In 1902 ontdekte hij in Milaan tijdens een operavoorstelling de tenor Enrico Caruso, die hem diep onder de indruk bracht. Caruso stemde ermee in om tien romances op te nemen voor 100 pond, een astronomisch bedrag voor minder dan twee uur werk (fig. 4). Latere contracten en het succes maakten deze investering meer dan waard. Voorheen hadden de meeste mensen immers geen kans om zulke artiesten live te horen. Welke gewone man kon zich een avond in La Scala of Covent Garden veroorloven? Vanaf dat moment konden zij genieten van die sterren in hun eigen woonkamer. De grammofoon werd zo geleidelijk een belangrijk meubelstuk in de huiskamer, vaak voorzien van een grote hoorn en een kast voor de platen.

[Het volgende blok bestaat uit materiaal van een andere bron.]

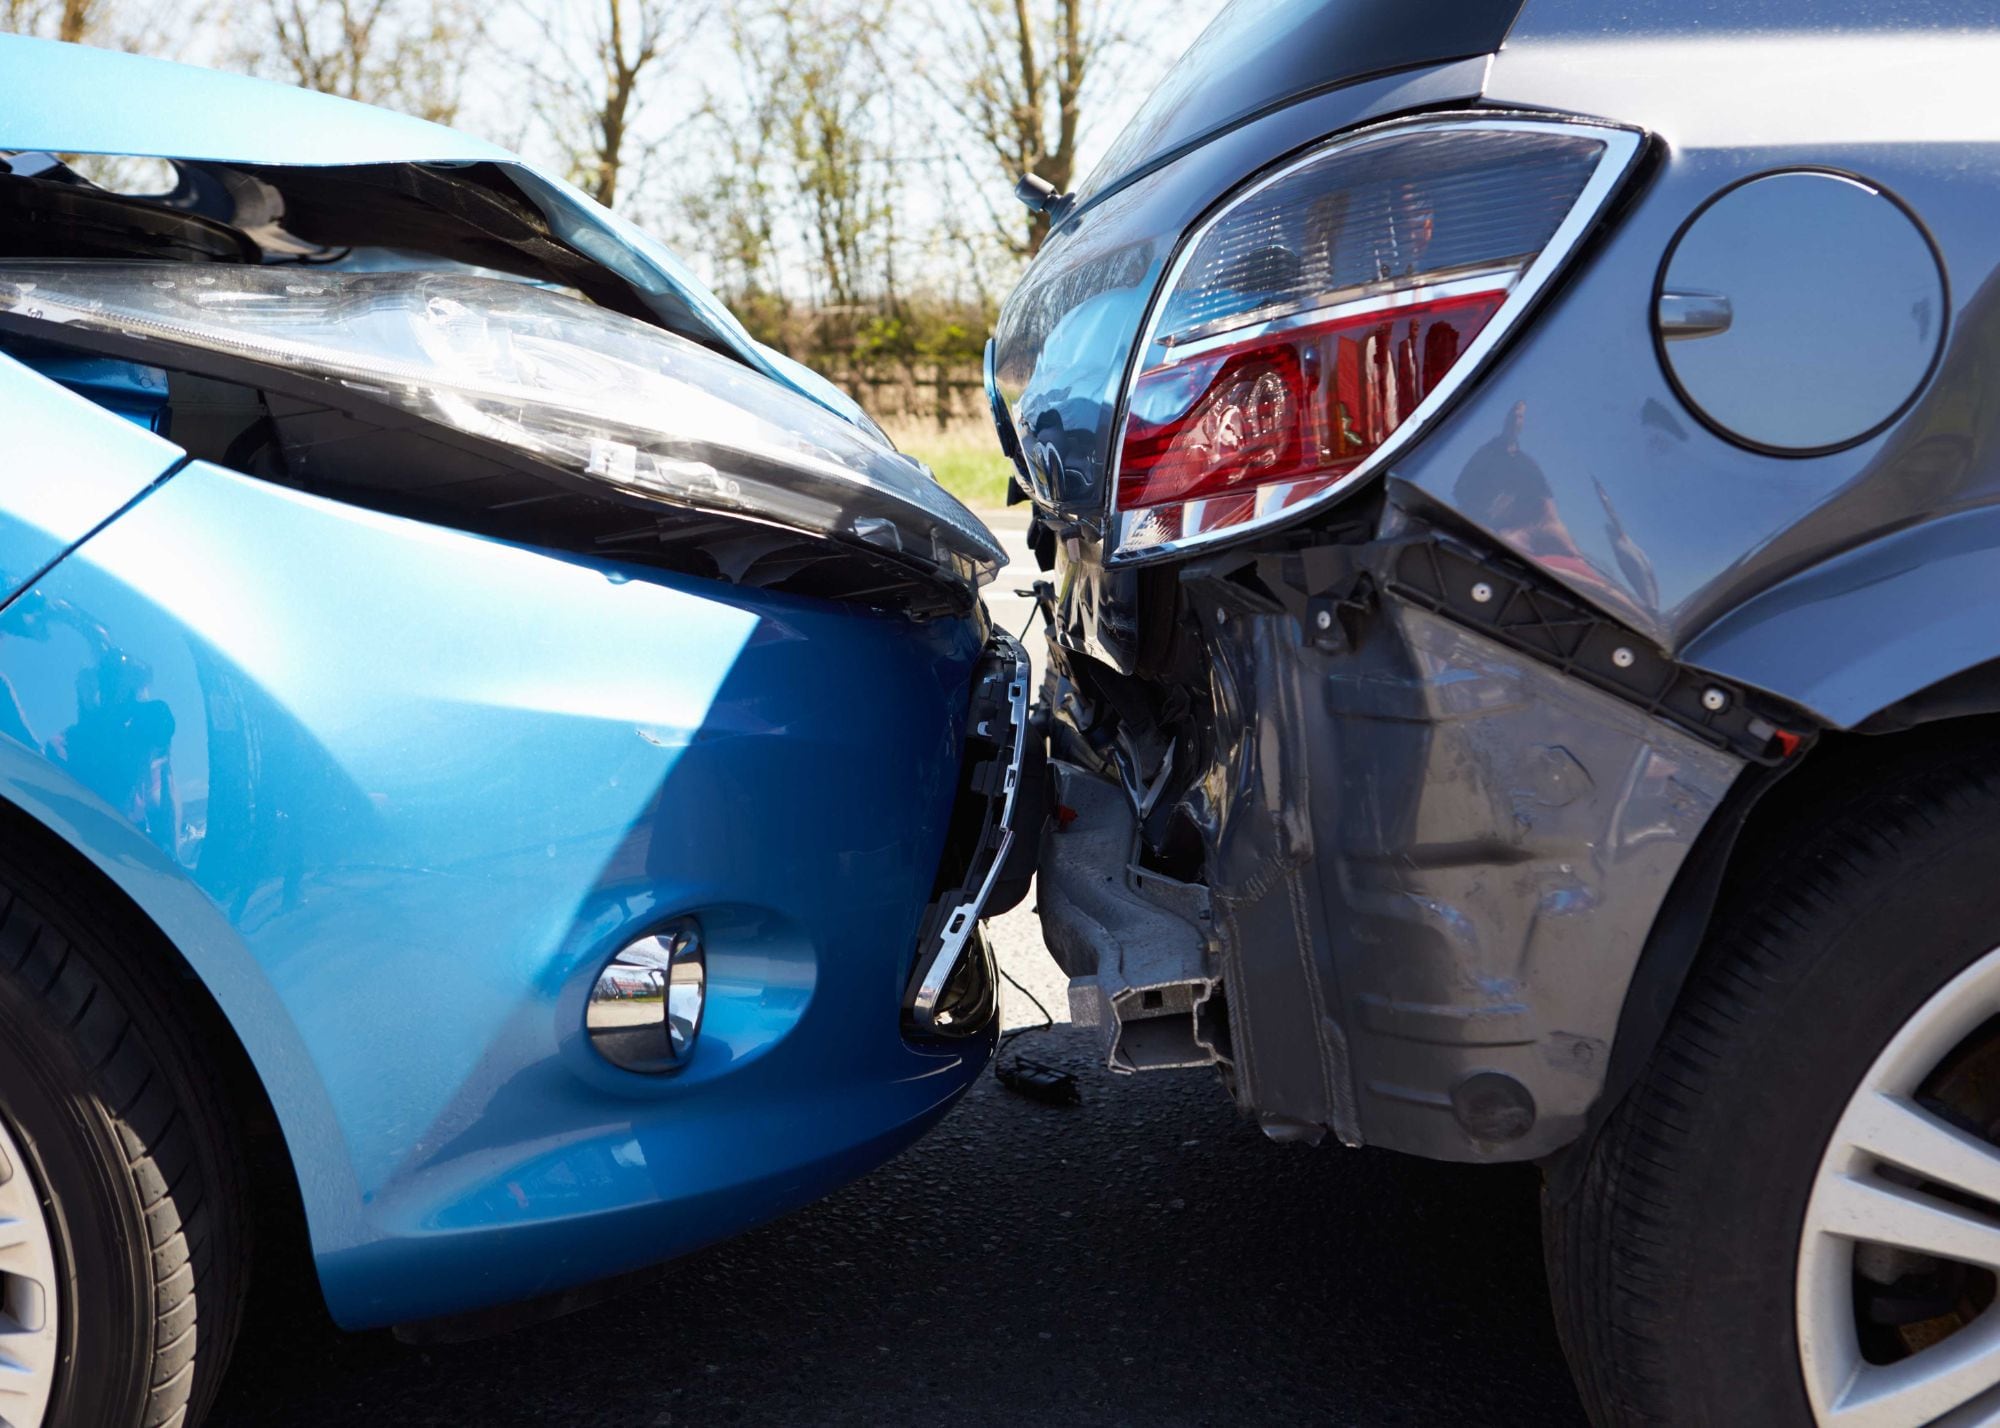 SR22 car accident insurance is required for high-risk drivers involved in an accident. It is commonly used in Nashville, TN to fulfill legal requirements and maintain driving privileges.

De draagbare grammofoon en de HMV 102
In de jaren 1910, vooral tijdens de Eerste Wereldoorlog, verschenen de eerste draagbare grammofoons, ook wel ‘loopgraafgrammofoons’ genoemd, die soldaten aan het front vermaakten. Na de oorlog, met de opkomst van de auto, werden ze ‘koffergrammofoons’ of ‘picknickgrammofoons’ genoemd, omdat men ze meenam op reis en bij familie-uitjes.
De HMV 102 draagbare grammofoon was de laatste volledig mechanische, akoestische grammofoon die geproduceerd werd (fig. 5). Om hem te gebruiken opent men de koffer, vouwt de toonarm uit en haalt men de slinger uit de koffer om de veer op te winden die het plateau aandrijft. De naald wordt voorzichtig op de plaat geplaatst, en dan gebeurt het: de trillingen die de naald opvangt worden door het diafragma omgezet in geluidsgolven. Het geluid reist via de toonarm naar een kegelvormige ruimte in de kast en wordt versterkt via een opening tussen het plateau en het deksel, die als klankreflector fungeert (video).
Door de lange productieduur was de HMV 102 het meest geproduceerde model van de Gramophone Company, van 1932 tot 1958, toen elektrische draaitafels het overnamen. Het exemplaar in het MIM dateert van 1935.